SUBROUTINE PSLATRD( UPLO, N, NB, A, IA, JA, DESCA, D, E, TAU, W,
     $                    IW, JW, DESCW, WORK )
*
*  -- ScaLAPACK auxiliary routine (version 1.7) --
*     University of Tennessee, Knoxville, Oak Ridge National Laboratory,
*     and University of California, Berkeley.
*     May 1, 1997
*
*     .. Scalar Arguments ..
      CHARACTER          UPLO
      INTEGER            IA, IW, JA, JW, N, NB
*     ..
*     .. Array Arguments ..
      INTEGER            DESCA( * ), DESCW( * )
      REAL               A( * ), D( * ), E( * ), TAU( * ), W( * ),
     $                   WORK( * )
*     ..
*
*  Purpose
*  =======
*
*  PSLATRD reduces NB rows and columns of a real symmetric distributed
*  matrix sub( A ) = A(IA:IA+N-1,JA:JA+N-1) to symmetric tridiagonal
*  form by an orthogonal similarity transformation Q' * sub( A ) * Q,
*  and returns the matrices V and W which are needed to apply the
*  transformation to the unreduced part of sub( A ).
*
*  If UPLO = 'U', PSLATRD reduces the last NB rows and columns of a
*  matrix, of which the upper triangle is supplied;
*  if UPLO = 'L', PSLATRD reduces the first NB rows and columns of a
*  matrix, of which the lower triangle is supplied.
*
*  This is an auxiliary routine called by PSSYTRD.
*
*  Notes
*  =====
*
*  Each global data object is described by an associated description
*  vector.  This vector stores the information required to establish
*  the mapping between an object element and its corresponding process
*  and memory location.
*
*  Let A be a generic term for any 2D block cyclicly distributed array.
*  Such a global array has an associated description vector DESCA.
*  In the following comments, the character _ should be read as
*  "of the global array".
*
*  NOTATION        STORED IN      EXPLANATION
*  --------------- -------------- --------------------------------------
*  DTYPE_A(global) DESCA( DTYPE_ )The descriptor type.  In this case,
*                                 DTYPE_A = 1.
*  CTXT_A (global) DESCA( CTXT_ ) The BLACS context handle, indicating
*                                 the BLACS process grid A is distribu-
*                                 ted over.

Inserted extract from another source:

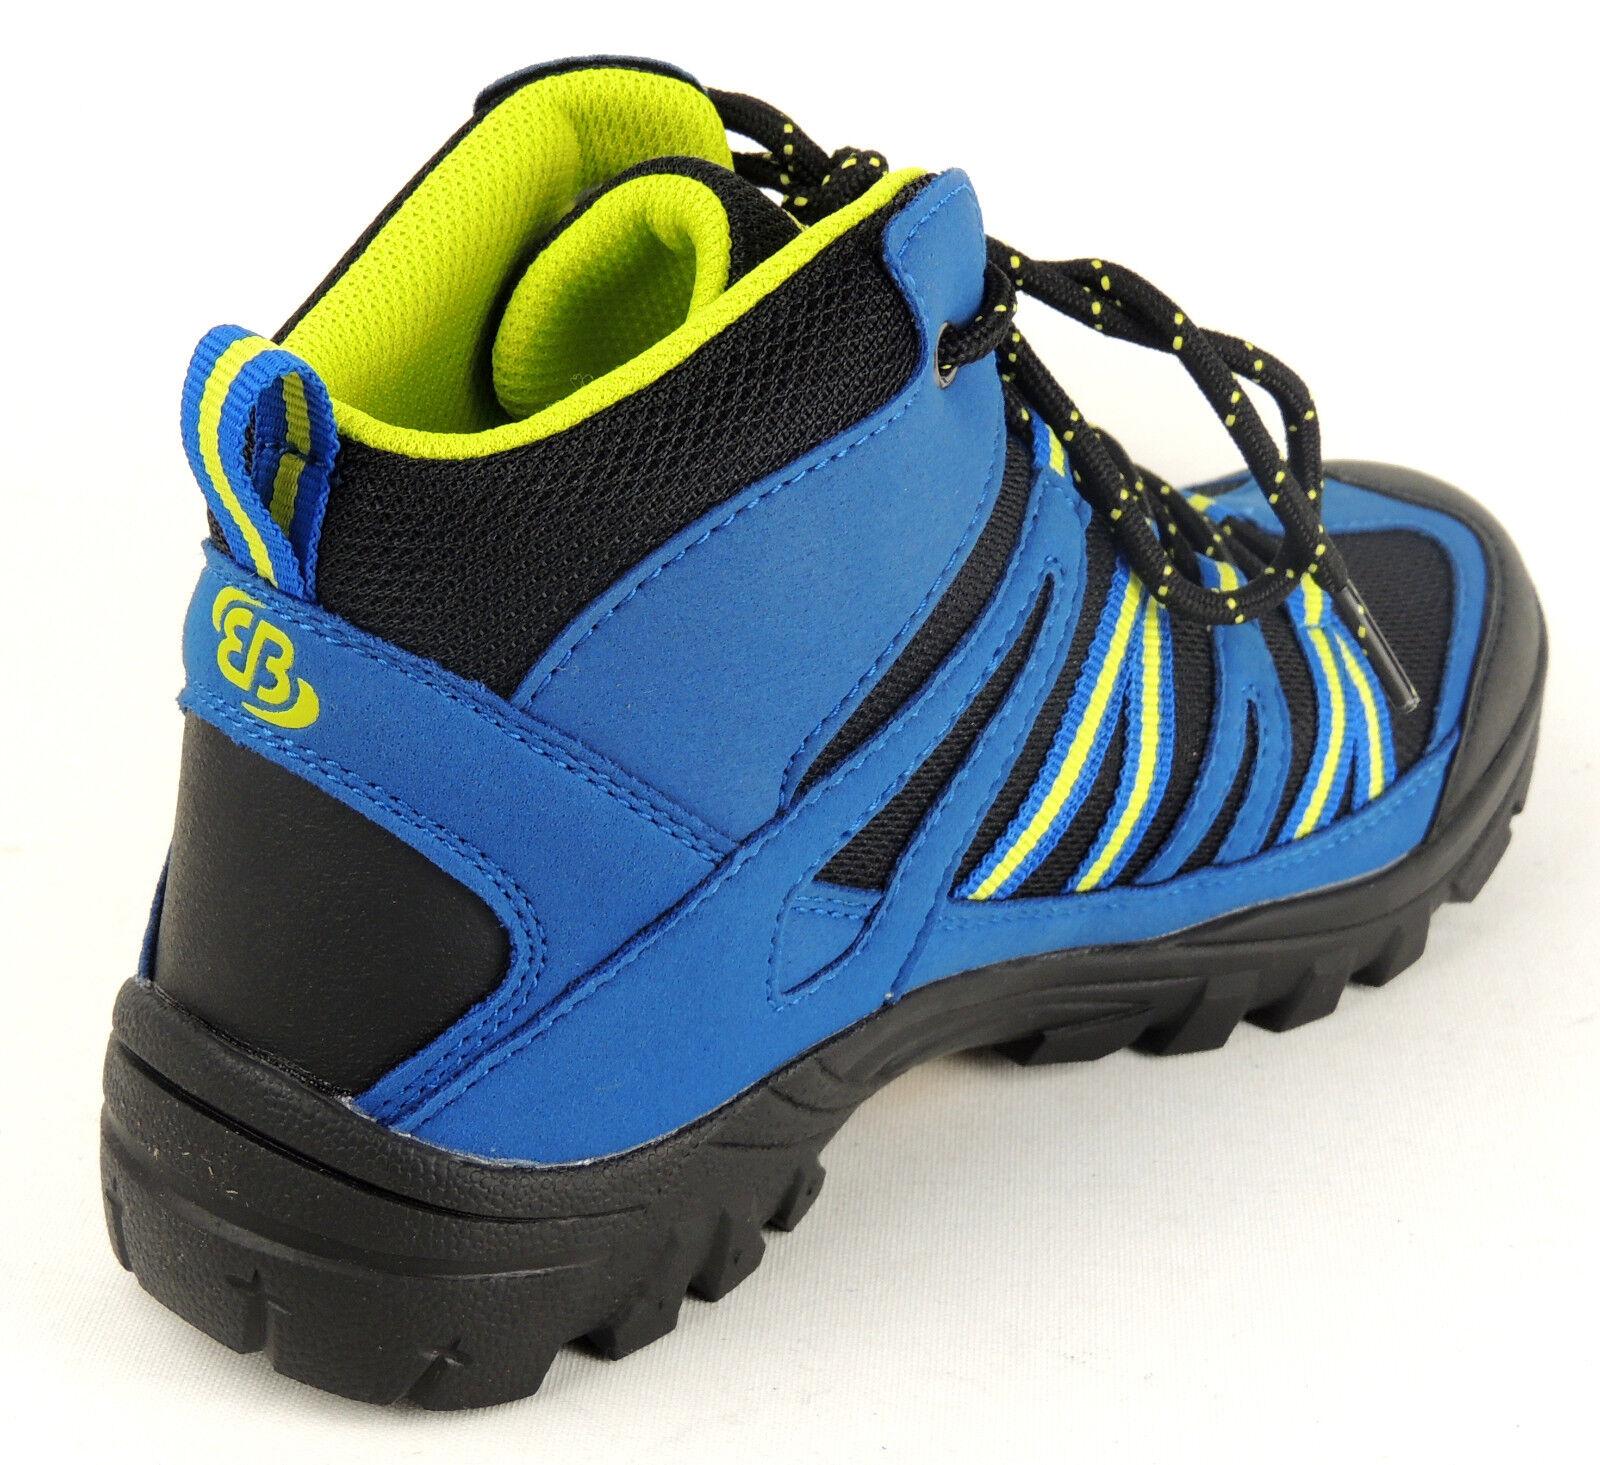 Brütting Brütting Brütting señora trekking senderismo zapatos azul Comfortex-membrana vibram cf99f5

The context itself is glo-
*                                 bal, but the handle (the integer
*                                 value) may vary.
*  M_A    (global) DESCA( M_ )    The number of rows in the global
*                                 array A.
*  N_A    (global) DESCA( N_ )    The number of columns in the global
*                                 array A.
*  MB_A   (global) DESCA( MB_ )   The blocking factor used to distribute
*                                 the rows of the array.
*  NB_A   (global) DESCA( NB_ )   The blocking factor used to distribute
*                                 the columns of the array.
*  RSRC_A (global) DESCA( RSRC_ ) The process row over which the first
*                                 row of the array A is distributed.
*  CSRC_A (global) DESCA( CSRC_ ) The process column over which the
*                                 first column of the array A is
*                                 distributed.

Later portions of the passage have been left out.